As he concluded a Saturday morning meeting with some of the thousands of reporters who have been covering the papal transition, Francis said he would bless the group, but out of respect for their differences would not make the sign of the cross over the gathering. "Given that many of you do not belong to the Catholic Church, (and) others are nonbelievers, I give this blessing from my heart, in silence, to each of you, respecting the conscience of each one, but knowing that each of you is a child of God," he said, to applause.
At the same event, Francis went off script to explicitly mention both the church's "virtues and her sins." In highlighting again his emphasis on solidarity with the poor, he indicated that it should extend beyond mere charity. "How much I would like a poor church, for the poor!" the pope exclaimed.
Also on Saturday, Francis reappointed the heads of Vatican departments of the scandal-plagued Roman Curia, as expected, but did so only provisionally. The Vatican stressed that the pope "wants to take some time to reflect, pray and discuss before making any definitive appointment or confirmation." When Benedict XVI was elected in 2005, he reappointed all the curial chiefs for the rest of their five-year terms, locking in a dysfunctional management team that was the focus of much criticism from the cardinals who elected Francis to clean house.

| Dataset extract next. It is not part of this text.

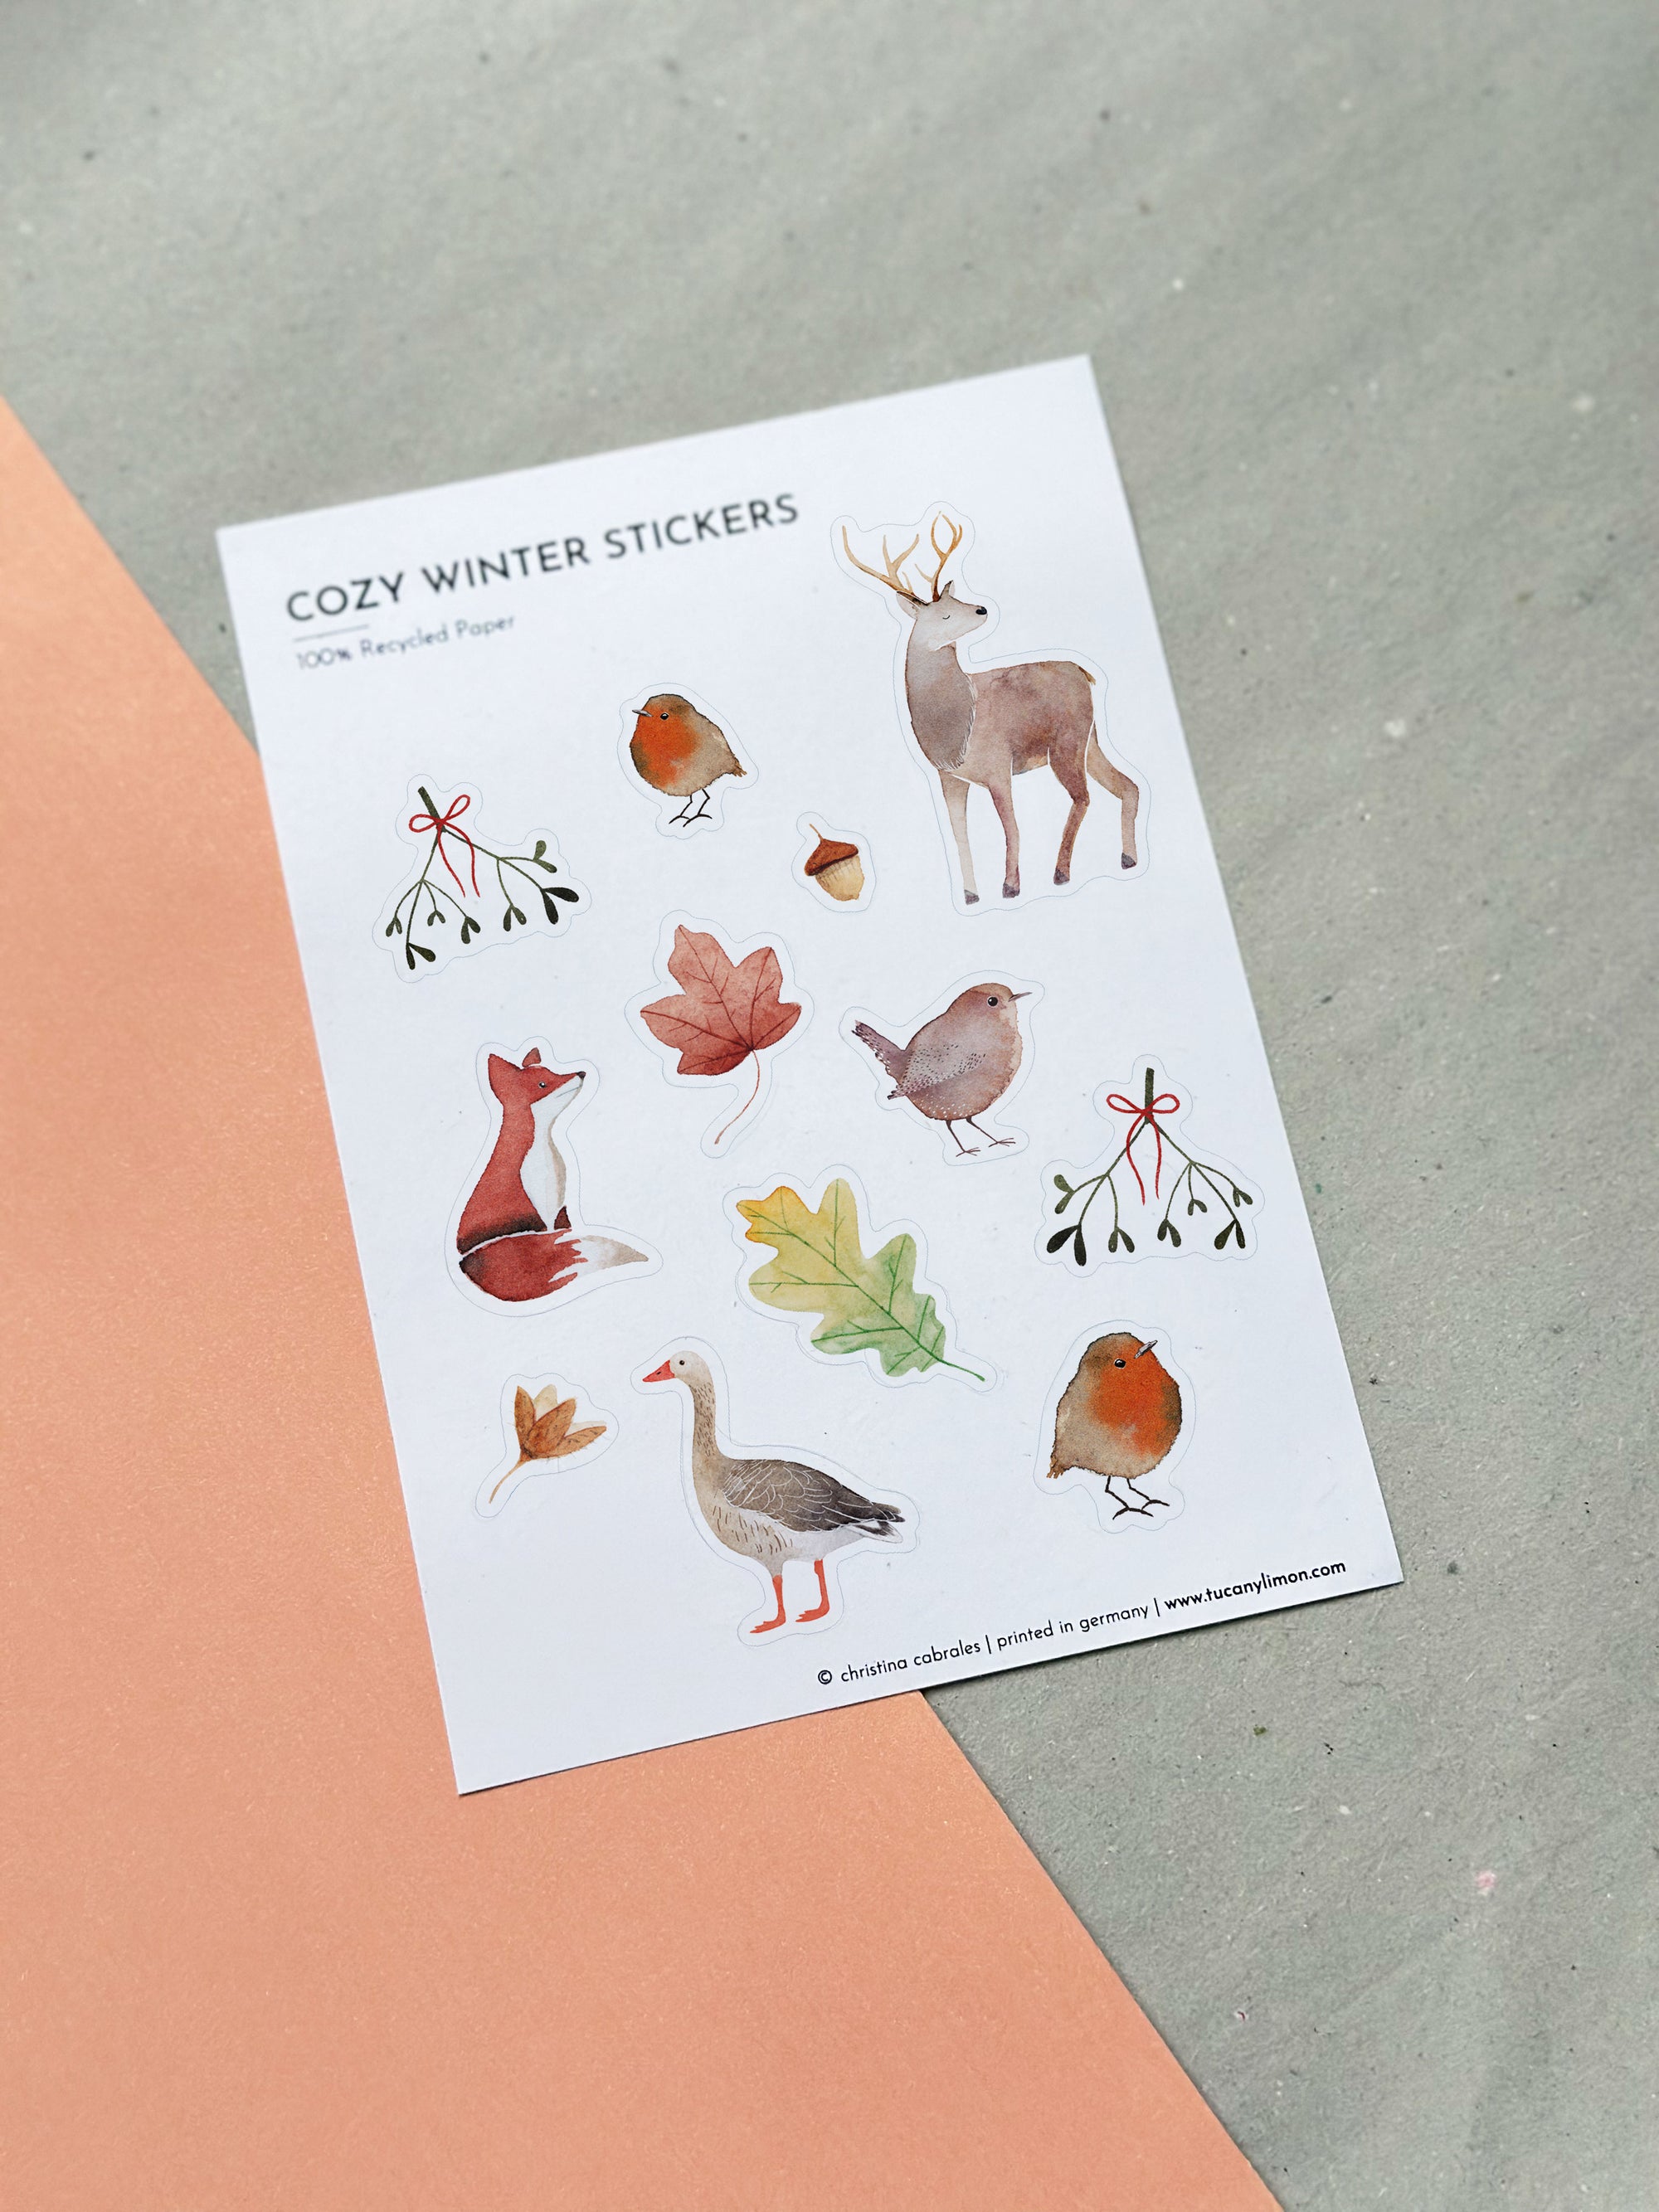 Cozy Winter Sticker aus Recyclingpapier / ohne PVC
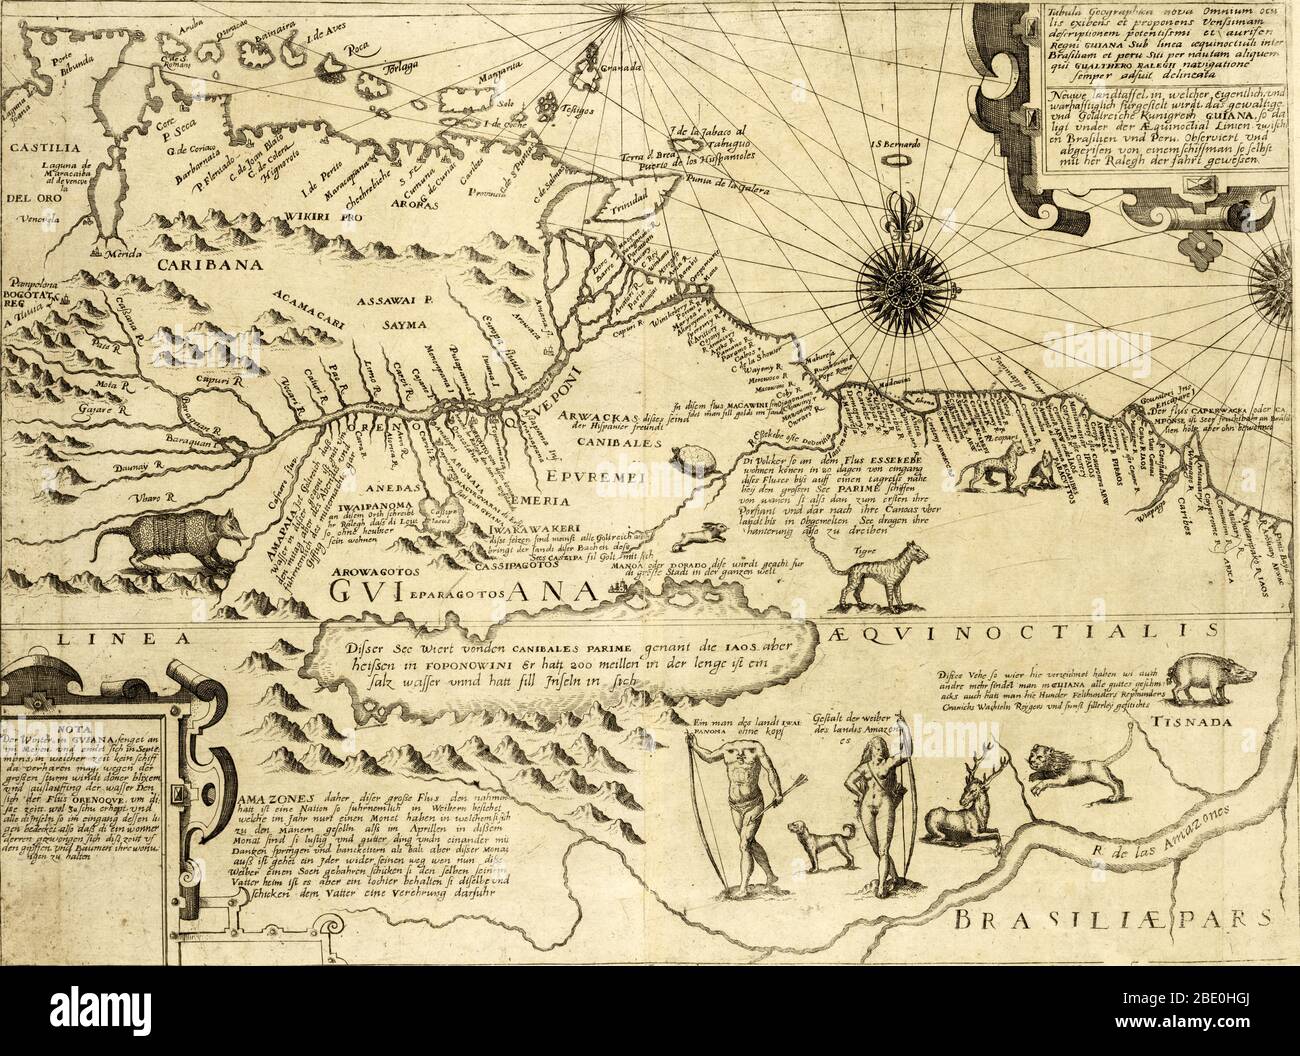 Mappa di Guyana e Brasile che mostra il fiume Amazzonia, animali selvatici, un uomo senza testa 'della terra Ewaipanoma,' una donna Amazzonia, e il fittizio lago Parime, sulla riva nord del quale si trova la città di El Dorado. El Dorado era la leggendaria "Città perduta dell'oro" che affascinava gli esploratori fin dai tempi dei conquistadores spagnoli e si suppone fosse situata sul leggendario lago Parime, negli altopiani della Guyana. Questa mappa è adattata da una mappa leggermente precedente di Jodocus Hondius, anche se il titolo dichiara che la mappa è stata 'cured e disegnato da un marinaio che accompagna Walter Raleigh sul suo Foto Stock

On Sunday, appearing from his apartment window overlooking St. Peter's Square, Francis recited the Angelus prayer with a huge and enthusiastic crowd of more than 150,000. In the midst of his brief and informal reflection, he praised by name the writings of Cardinal Walter Kasper, "a very sharp theologian," he said. Kasper's desire to open the church to reform has prompted sharp debates over the years with Benedict.
Earlier Sunday, the pope celebrated Mass at the small parish church of the Vatican, St. Ann's, just inside the Vatican gate, and stopped outside afterwards to greet each worshipper and kiss children on their heads as if he were the parish priest. He even stepped out of the gate onto the street where passersby got close enough to pat him on the back. His security detail appeared less enthusiastic about the outing.
Francis also continued to stress his role as the new Bishop of Rome, first among equals rather than the boss of all other bishops. He continued to refer to his "brother cardinals," and at every liturgy and at meals he insisted on standing or sitting with the bishops and priests instead of taking the special place reserved for the pope. Vatican experts saw that as an important sign of the kind of collaborative leadership model many have been looking for.
Above all, Francis continually displayed an informality that prompted writers to dub him "the casual pontiff."
His homilies and talks in the first days of his pontificate were usually unscripted and brief -- often just a few minutes -- and were filled with simple wisdom and sincerity and quips.
"Don't think that I am doing publicity for the books of my cardinals!" he said after mentioning Kasper's writings to the crowd on Sunday.
He also shunned the papal limousine and continued to wear the creaky black shoes that he had on when he arrived in Rome from Argentina for the conclave. And he told the cardinals to wear simple black cassocks when they came to see him rather than the more formal red choir robes with white linen-and-lace surplices.
"So long, Papal ermine and fancy lace! Welcome, simple cassock, and hopefully, ordinary black shoes! St. Francis must be overjoyed!!" tweeted an ecstatic Cardinal Roger Mahony of Los Angeles.
New York Cardinal Timothy Dolan told NBC's "Today" show that he's noticed "little signs that send signals." Yet such signals are important, especially following the pontificate of Benedict, who took an intense interest in wearing the most elaborate and extravagant vestments, including a pair of red leather shoes.
By contrast, Francis has been stressing God's love and forgiveness, as he did in his homilies on Sunday.
"We too, I think, are this people who, on one hand want to listen to Jesus, but on the other, sometimes we like to beat up on others, condemn the others," he said.
"The message of Jesus is mercy," he added. "For me, and I say this with humility, mercy is the strongest message of the Lord."